HEADQUARTERS, TENTH ARMY CORPS, FUSSELL'S MILL, VA., Aug. 19, 1864.


General Order.


The Major-General commanding congratulates the Tenth Corps upon its success. It has on each occasion, when ordered, broken the enemy's strong lines. It has captured, during the short campaign, four siege guns protected by the most formi- dable works, six colors, and many prisoners. It has proved itself worthy of its old Wagner and Sumter renown. Much fatigue, patience, and heroism may yet be demanded of it, but the Major- General commanding is confident of the response.


MAJOR-GENERAL D. B. BIRNEY.


(Signed, ) EDWARD W. SMITH, Lt .- Col. and A. A. G.

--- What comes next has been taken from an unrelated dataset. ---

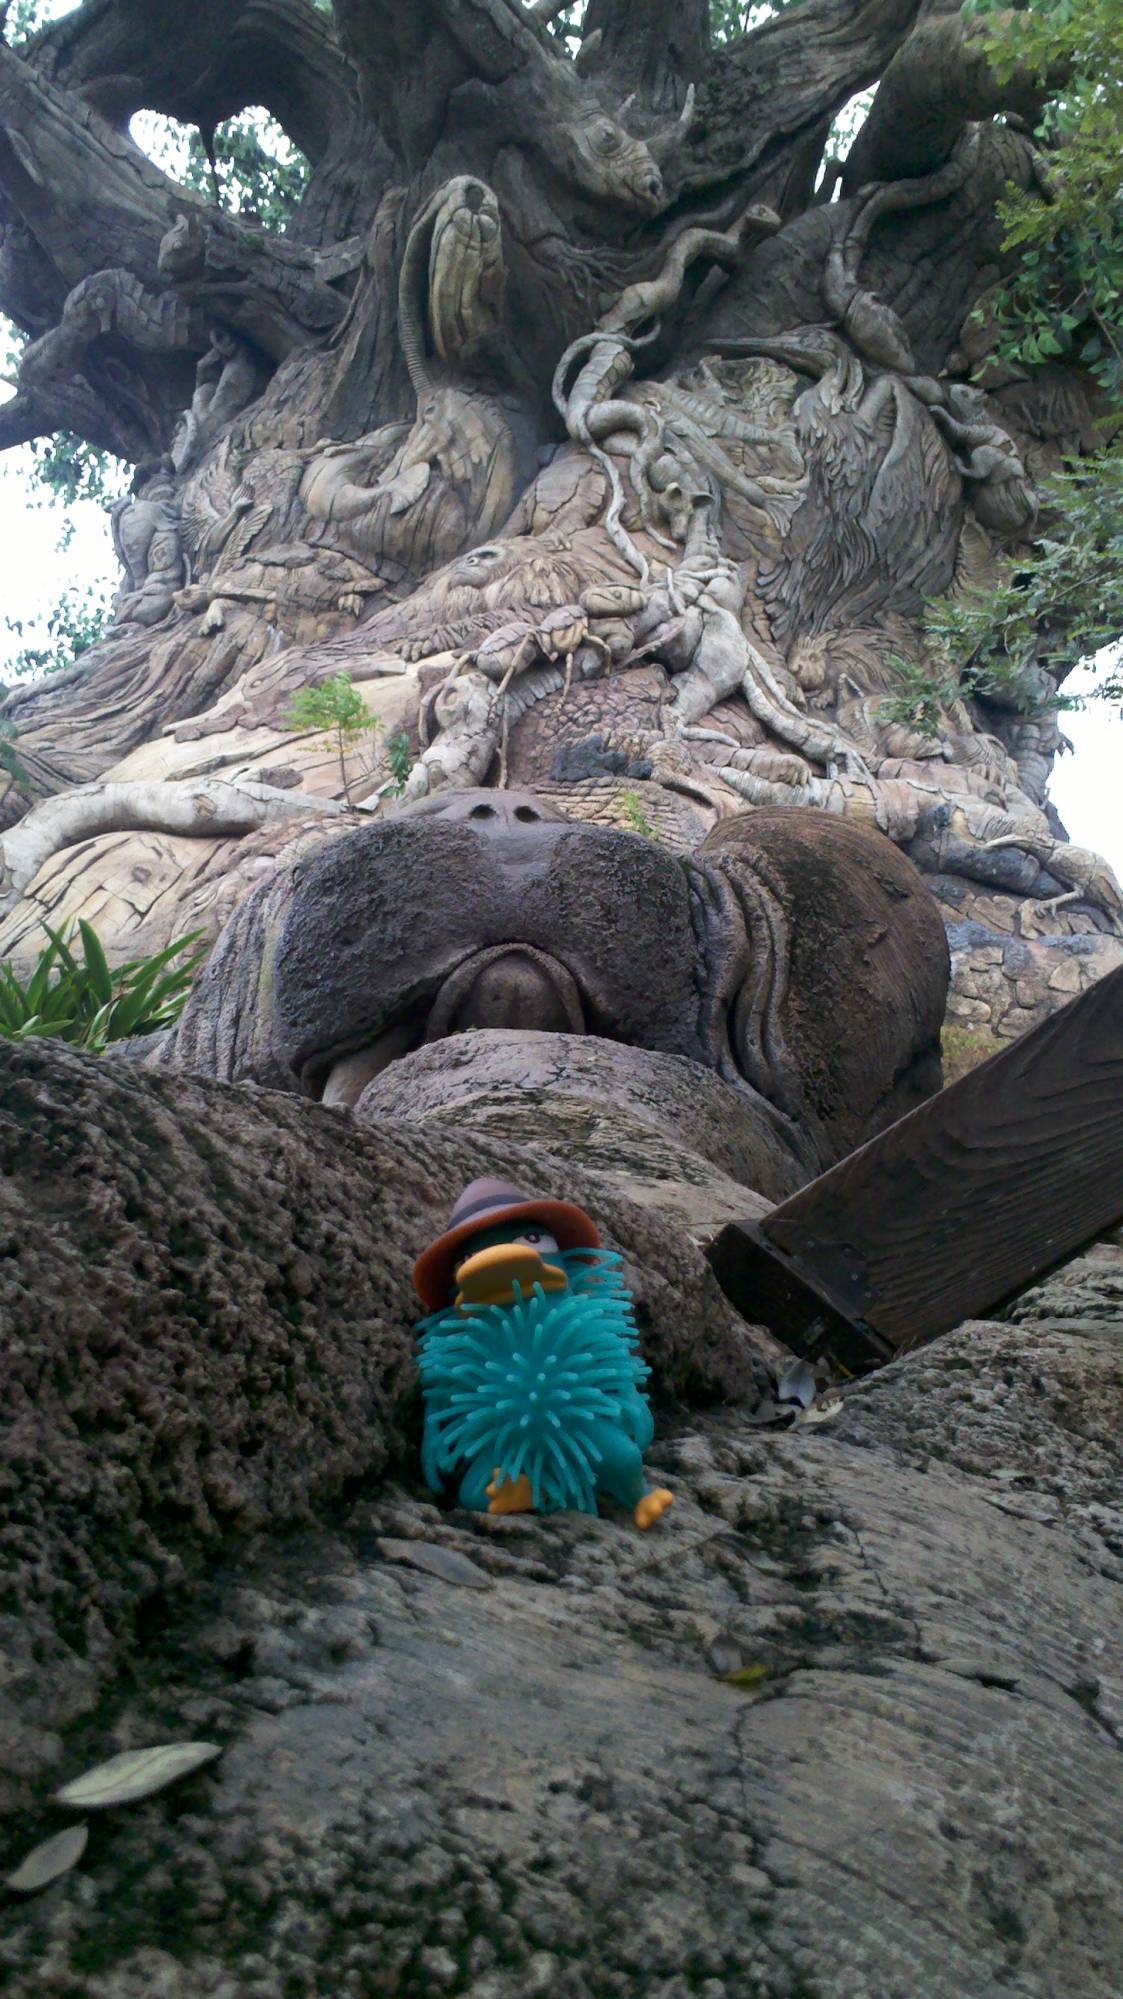 Agent P by the Tree of Life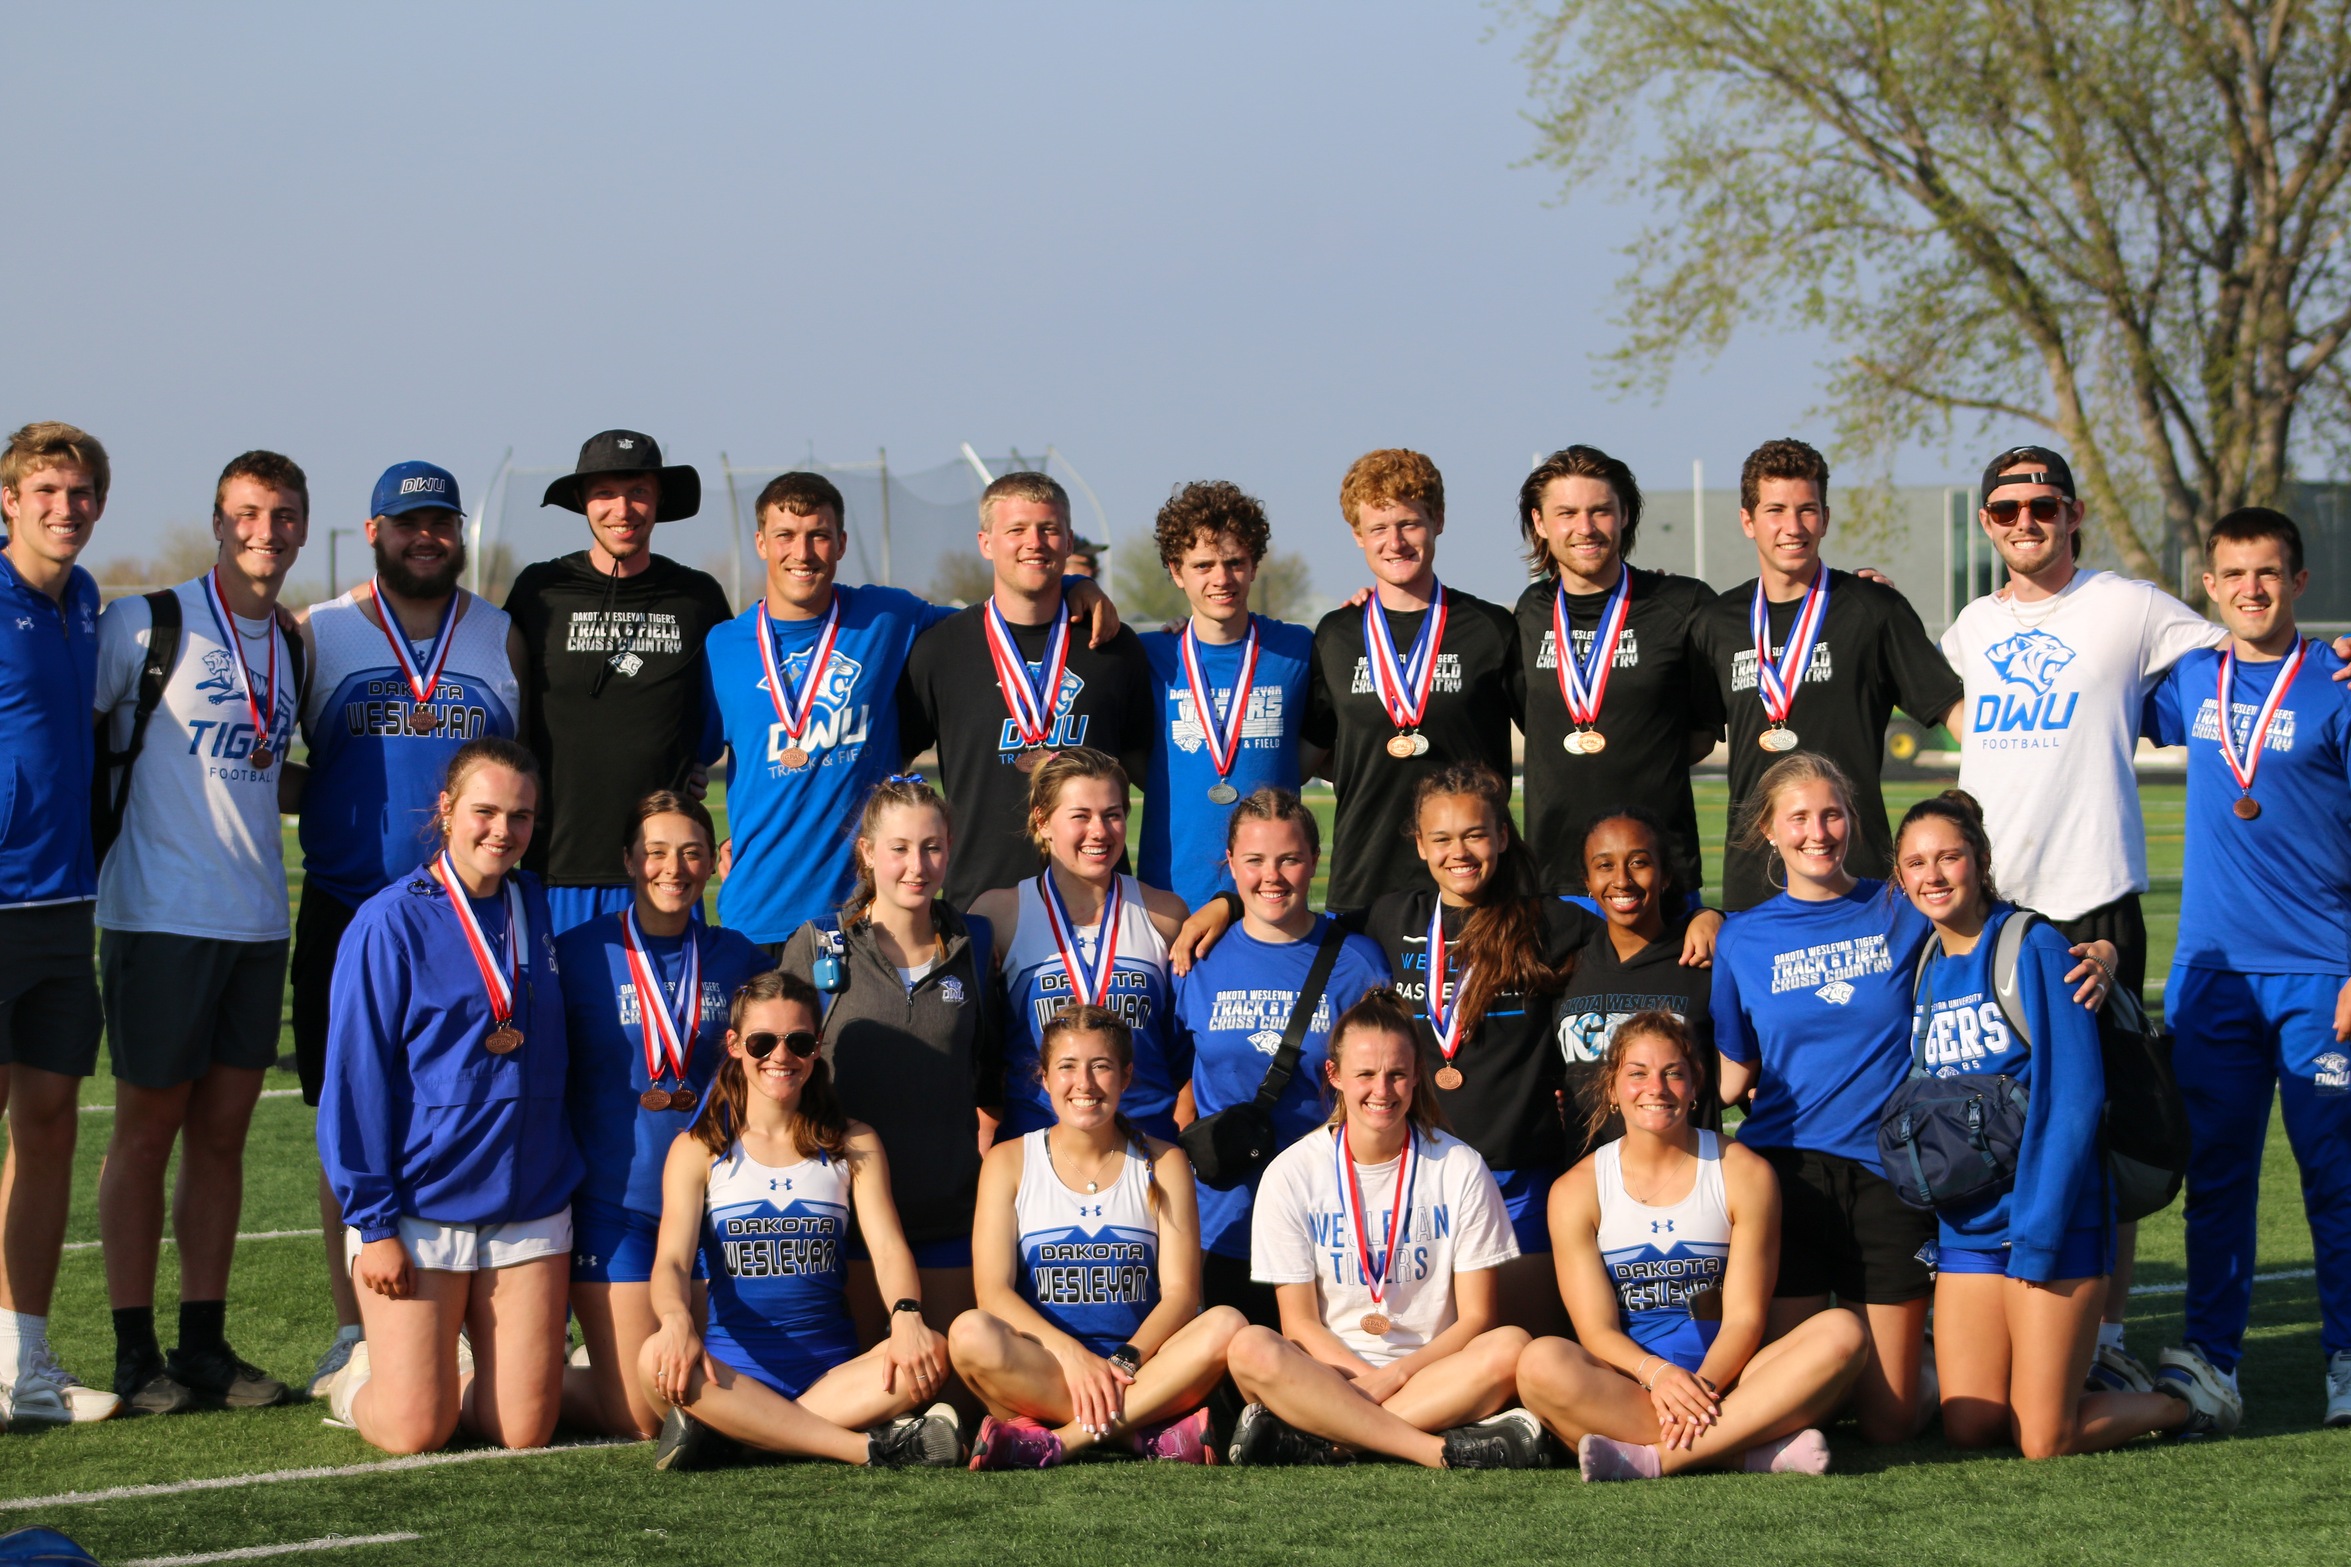 DWU TIGER TRACK & FIELD HAS HISTORIC DAY AT GPAC CHAMPIONSHIPS, HIGHLIGHTED BY MAGNUSON AND RUPPRECHT NATIONAL STANDARD PERFORMANCES

On the 20th Hancock was instructed to retire from the north side of the James. . Immediately after dark the two divisions of the Second Corps, with the cavalry and the artillery, began this movement, which was covered by the troops of our corps. It rained all through the night, as it had almost continually since the night of the 18th. During the night of the 20th we followed the retiring Second Corps, and, reaching the redan on Strawberry Plains, our brigade went into bivouac, after throwing out a strong picket line. At daylight of the 21st we were in line again, and, crossing the ponton bridge to the south side of the river, recrossed the river by the upper bridge, marching into our camp ground at Deep Bottom at five o'clock, just the hour of the morning at which, exactly one week before, we opened fire on the Deep Bottom front, initiating a week of hard campaigning.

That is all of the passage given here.